Some content-encryption algorithms assume the input length is a multiple of k octets, where k is greater than one. For such algorithms, the input shall be padded.

Padding.pkcs7.add(to: bytes, blockSize: AES.blockSize)

Working with Ciphers

let encrypted = try ChaCha20(key: key, iv: iv).encrypt(message)
let decrypted = try ChaCha20(key: key, iv: iv).decrypt(encrypted)
let encrypted = try Rabbit(key: key, iv: iv).encrypt(message)
let decrypted = try Rabbit(key: key, iv: iv).decrypt(encrypted)
let encrypted = try Blowfish(key: key, blockMode: CBC(iv: iv), padding: .pkcs7).encrypt(message)
let decrypted = try Blowfish(key: key, blockMode: CBC(iv: iv), padding: .pkcs7).decrypt(encrypted)

Notice regarding padding: Manual padding of data is optional, and CryptoSwift is using PKCS7 padding by default. If you need to manually disable/enable padding, you can do this by setting parameter for AES class

Variant of AES encryption (AES-128, AES-192, AES-256) depends on given key length:

  • AES-128 = 16 bytes
  • AES-192 = 24 bytes
  • AES-256 = 32 bytes

AES-256 example

let encryptedBytes = try AES(key: [1,2,3,...,32], blockMode: CBC(iv: [1,2,3,...,16]), padding: .pkcs7)

Full example:

let password: [UInt8] = Array("s33krit".utf8)
let salt: [UInt8] = Array("nacllcan".utf8)

/* Generate a key from a `password`. Optional if you already have a key */
let key = try PKCS5.PBKDF2(
    password: password,
    salt: salt,
    iterations: 4096,
    keyLength: 32, /* AES-256 */
    variant: .sha256

/* Generate random IV value. IV is public value. Either need to generate, or get it from elsewhere */
let iv = AES.randomIV(AES.blockSize)

/* AES cryptor instance */
let aes = try AES(key: key, blockMode: CBC(iv: iv), padding: .pkcs7)

/* Encrypt Data */
let inputData = Data()
let encryptedBytes = try aes.encrypt(inputData.bytes)
let encryptedData = Data(encryptedBytes)

/* Decrypt Data */
let decryptedBytes = try aes.decrypt(encryptedData.bytes)
let decryptedData = Data(decryptedBytes)
All at once
do {
    let aes = try AES(key: "keykeykeykeykeyk", iv: "drowssapdrowssap") // aes128
    let ciphertext = try aes.encrypt(Array("Nullam quis risus eget urna mollis ornare vel eu leo.".utf8))
} catch { }
Incremental updates

Incremental operations use instance of Cryptor and encrypt/decrypt one part at a time, this way you can save on memory for large files.

do {
    var encryptor = try AES(key: "keykeykeykeykeyk", iv: "drowssapdrowssap").makeEncryptor()
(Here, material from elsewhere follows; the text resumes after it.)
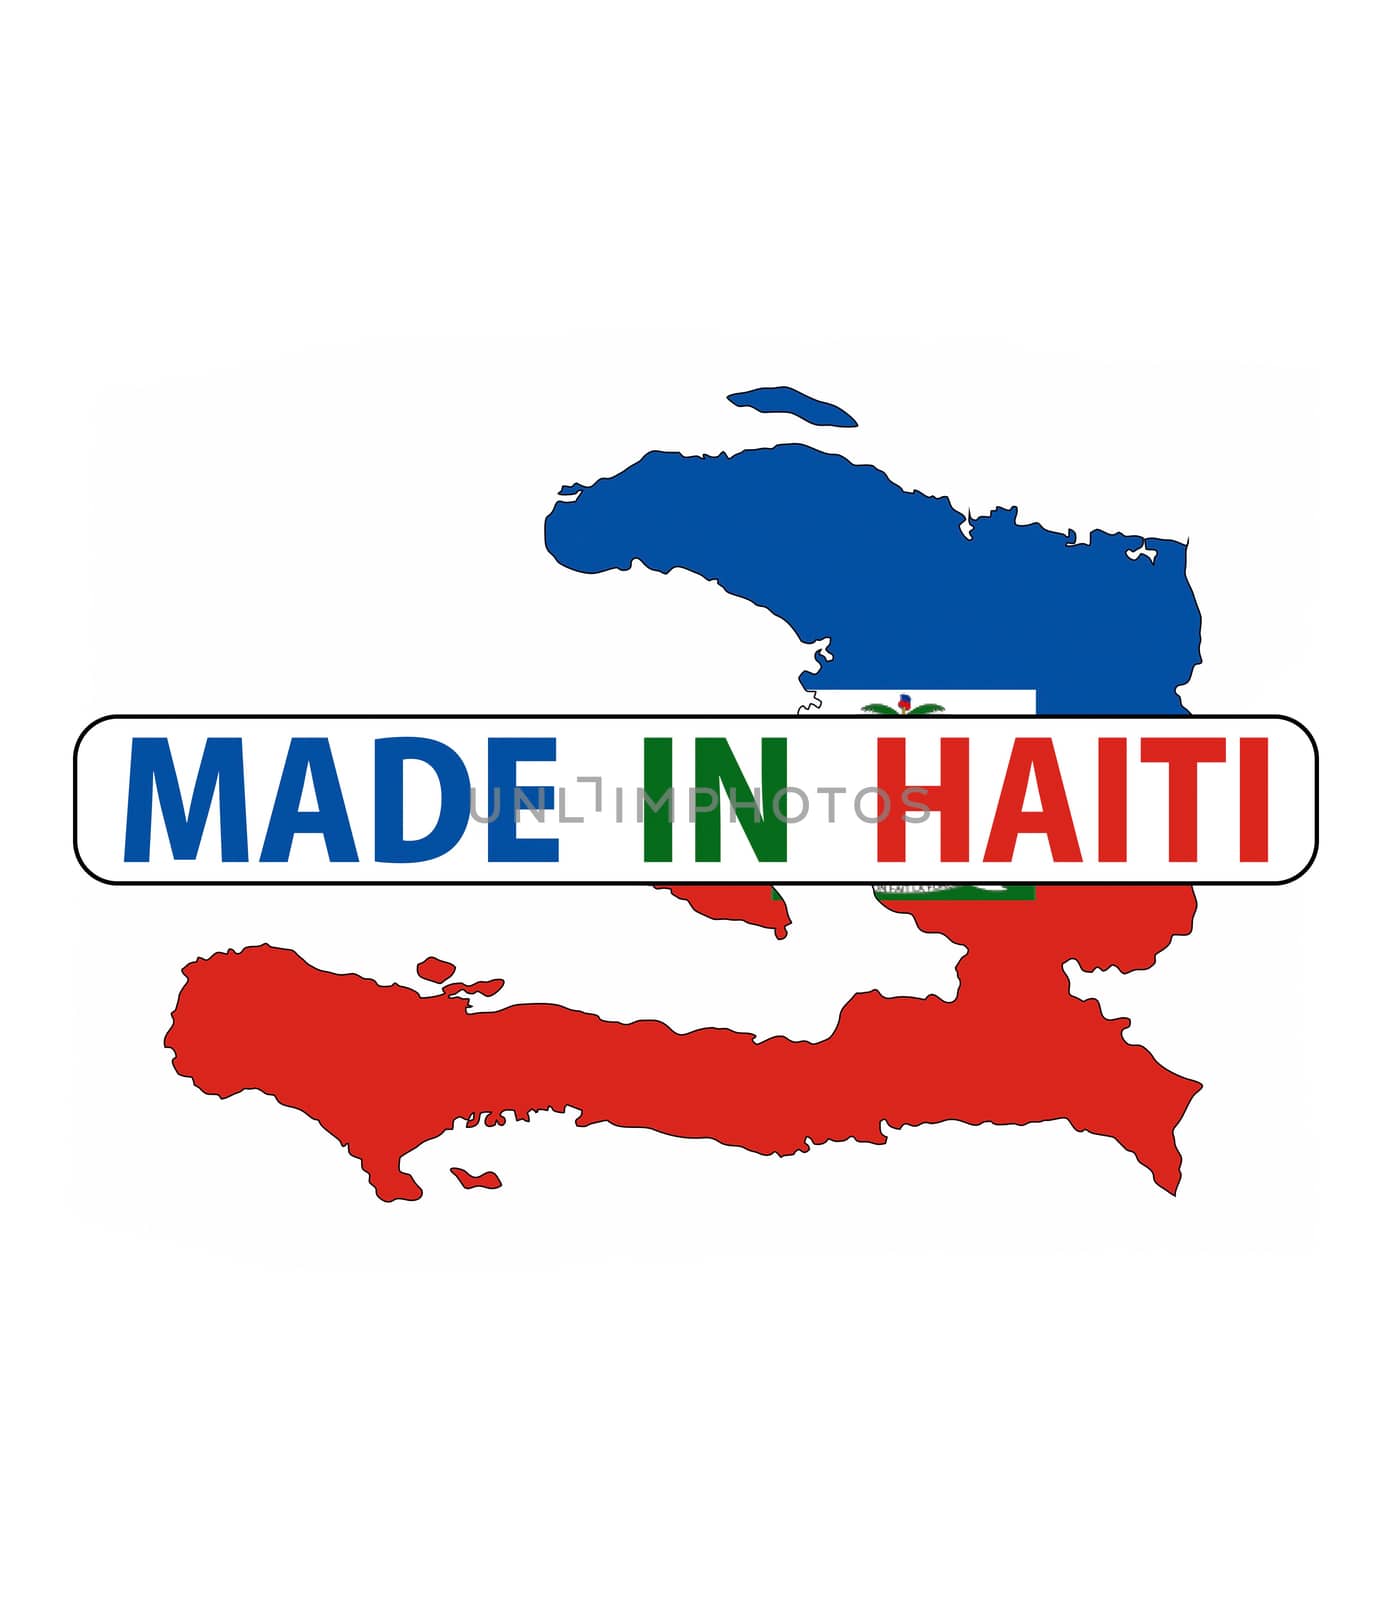 made in haiti by tony4urban

    var ciphertext = Array<UInt8>()
    // aggregate partial results
    ciphertext += try encryptor.update(withBytes: Array("Nullam quis risus ".utf8))
    ciphertext += try encryptor.update(withBytes: Array("eget urna mollis ".utf8))
    ciphertext += try encryptor.update(withBytes: Array("ornare vel eu leo.".utf8))
    // finish at the end
    ciphertext += try encryptor.finish()

} catch {
AES Advanced usage
let input: Array<UInt8> = [0,1,2,3,4,5,6,7,8,9]

let key: Array<UInt8> = [0x00,0x00,0x00,0x00,0x00,0x00,0x00,0x00,0x00,0x00,0x00,0x00,0x00,0x00,0x00,0x00]
let iv: Array<UInt8> = // Random bytes of `AES.blockSize` length

do {
    let encrypted = try AES(key: key, blockMode: CBC(iv: iv), padding: .pkcs7).encrypt(input)
    let decrypted = try AES(key: key, blockMode: CBC(iv: iv), padding: .pkcs7).decrypt(encrypted)
} catch {

AES without data padding

let input: Array<UInt8> = [0,1,2,3,4,5,6,7,8,9]
let encrypted: Array<UInt8> = try! AES(key: Array("secret0key000000".utf8), blockMode: CBC(iv: Array("0123456789012345".utf8)), padding: .noPadding).encrypt(input)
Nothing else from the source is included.